DESCRIPTION OF THE TASK =>
Of the lines in the data below, write out exactly those from the one holding "U.S. Navy Band" through the one holding "Off-White - Out", both included.

RECORDS =>
##########
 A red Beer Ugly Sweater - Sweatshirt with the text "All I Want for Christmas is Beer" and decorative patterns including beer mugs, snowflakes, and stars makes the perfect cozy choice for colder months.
##########
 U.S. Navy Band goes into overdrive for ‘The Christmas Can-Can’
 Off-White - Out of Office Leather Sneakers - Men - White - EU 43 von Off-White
##########
WRITTEN SOLUTION =>
 U.S. Navy Band goes into overdrive for ‘The Christmas Can-Can’
 Off-White - Out of Office Leather Sneakers - Men - White - EU 43 von Off-White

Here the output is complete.